Challenge Details


Dataset Summary

For both tasks, we are using AV-Deepfake1M++ dataset. This dataset is a large scale dataset addressing the content-driven multimodal deepfakes, which contains around 2M videos and more speakers in total than previous AV-Deepfake1M.

Subset #Videos #Real #Fake #Frames #Time #Subjects
Training 1.10M 0.30M 0.80M 264M 2934H 2606*
Validation 0.08M 0.02M 0.06M 18M 205H 1676*
TestA TBD TBD TBD TBD TBD TBD
TestB TBD TBD TBD TBD TBD TBD

*The subjects in the training and validation sets are overlapped.
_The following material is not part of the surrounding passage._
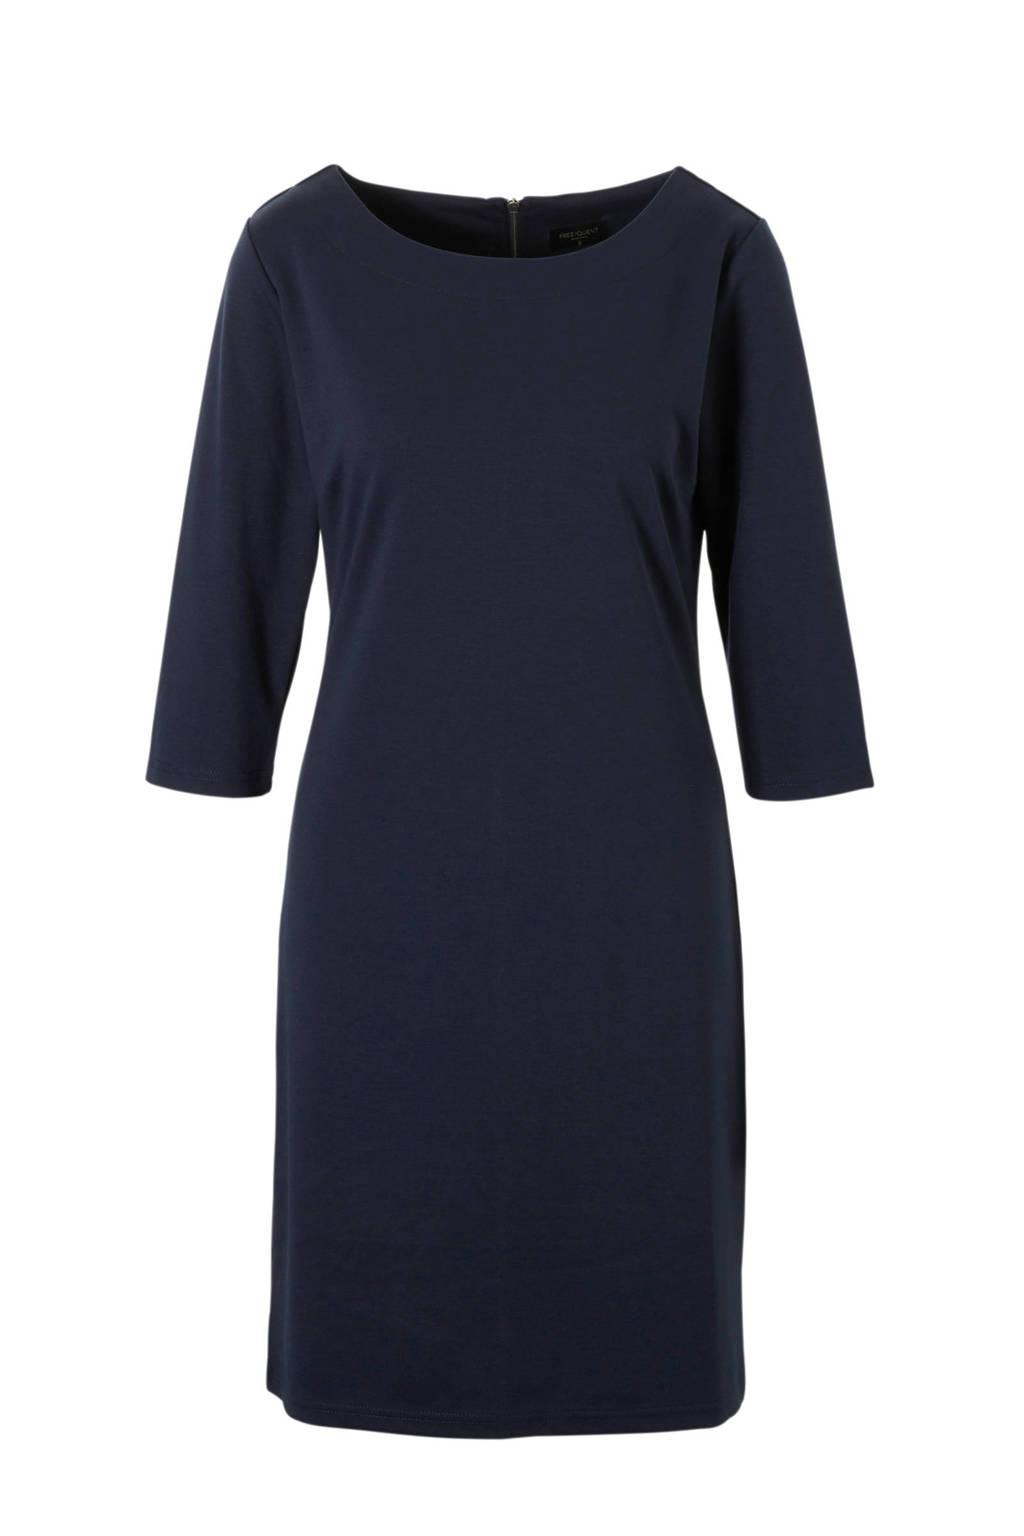 FREEQUENT jurk Dane, Blauw
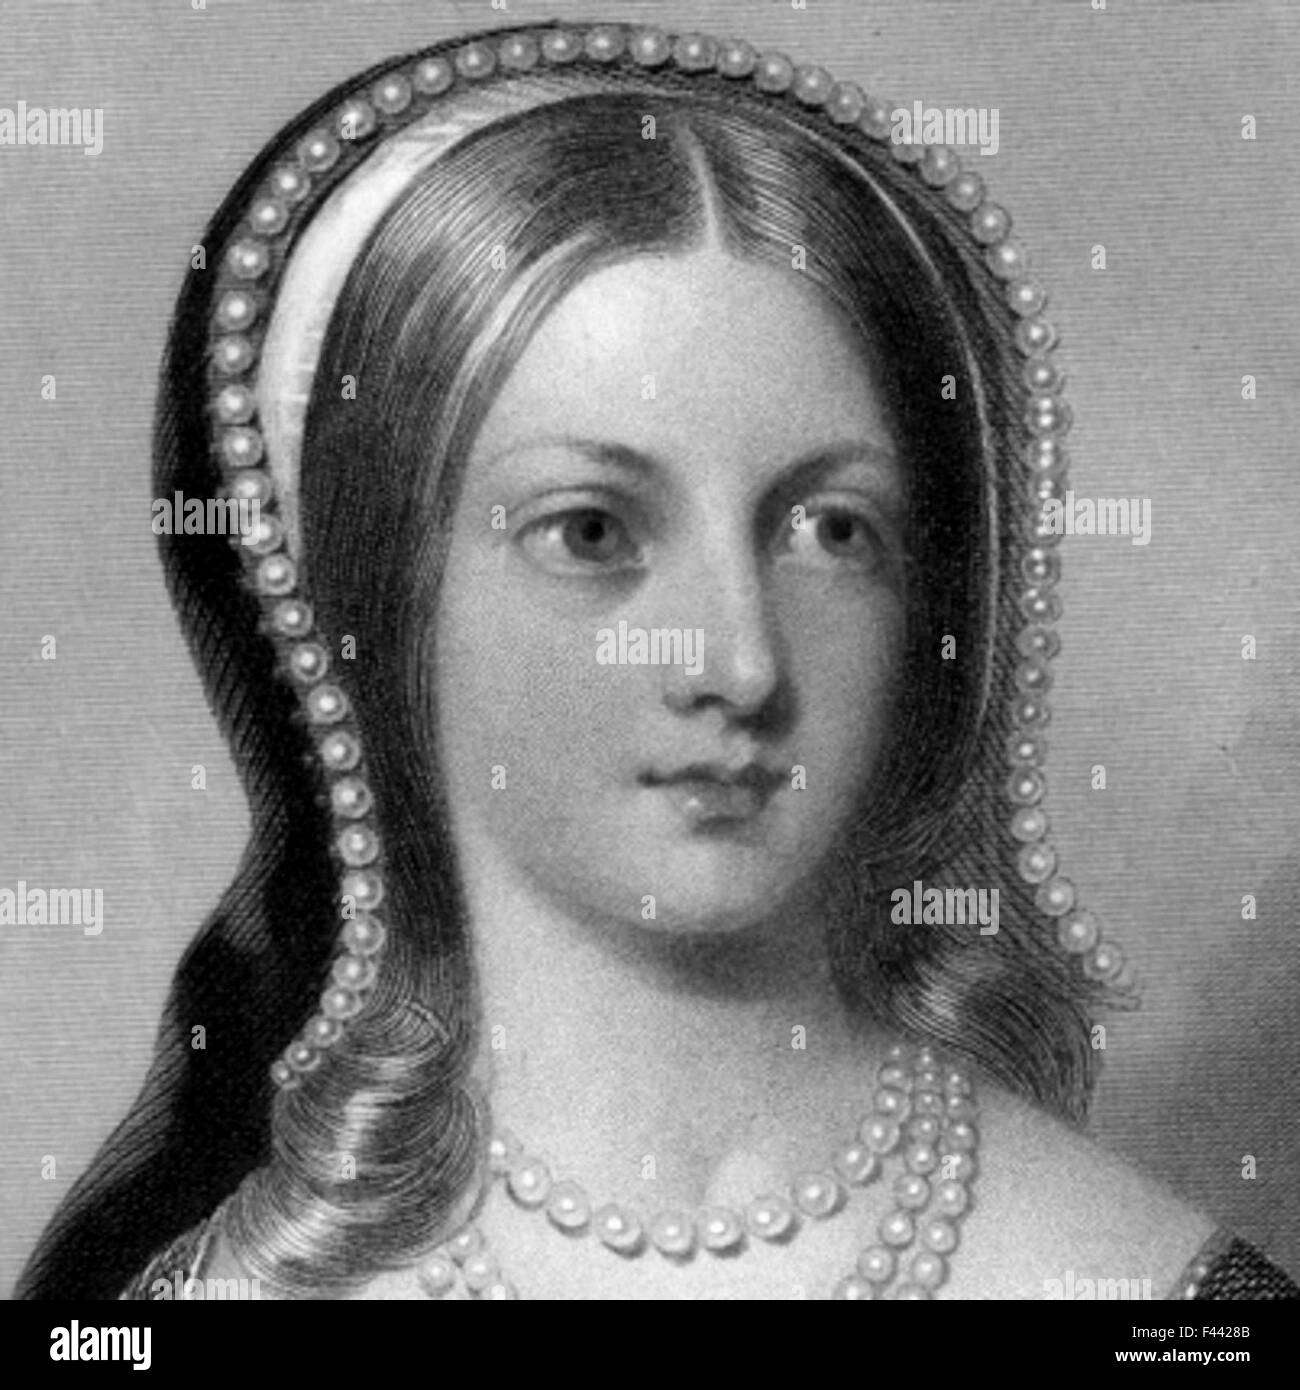 Lady Jane Grey - Stock Image

In AV-Deepfake1M++, each video only contain very few or no fake visual/audio segments. We host the challenge targeting 2 tasks. The participants are expected to develop the models on the train & val set, and submit the predictions on the testA set. The top-3 winner will be determined by the performance on the testA set, and required to submit the training and testing code (Docker) for the final checking to determine the final winner on the testB set.

Metadata Details
The metadata is a json file for each subset (train, val), which is a list of dictionaries. The fields in the dictionary are as follows. Please note the frame-level labels are only available in temporal localization (Task 2).
  • file: the path to the video file.
  • original: if the current video is fake, the path to the original video; otherwise, the original path in the source dataset.
  • split: the name of the current subset.
  • modify_type: the type of modifications in different modalities, which can be ["real", "visual_modified", "audio_modified", "both_modified"]. We evaluate the deepfake detection (Task 1) performance based on this field.
  • audio_model: the audio generation model used for generating this video.
  • video_model: the visual generation model used for generating this video.
  • fake_segments: the timestamps of the fake segments. We evaluate the temporal localization (Task 2) performance based on this field.
  • audio_fake_segments: the timestamps of the fake segments in audio modality.
  • visual_fake_segments: the timestamps of the fake segments in visual modality.
  • video_frames: the number of frames in the video.
  • audio_frames: the number of frames in the audio.

Prepare the Dataset

Please register the challenge and submit the EULA, then you will be shared with a huggingface repository.

huggingface-cli login
huggingface-cli download ControlNet/AV-Deepfake1M-PlusPlus --repo-type dataset --local-dir ./AV-Deepfake1M-PlusPlus

Then, unzip the zip files. Please go to the subset you want to unzip, run

7z x train.zip.001

It will unzip the all volumes automatically.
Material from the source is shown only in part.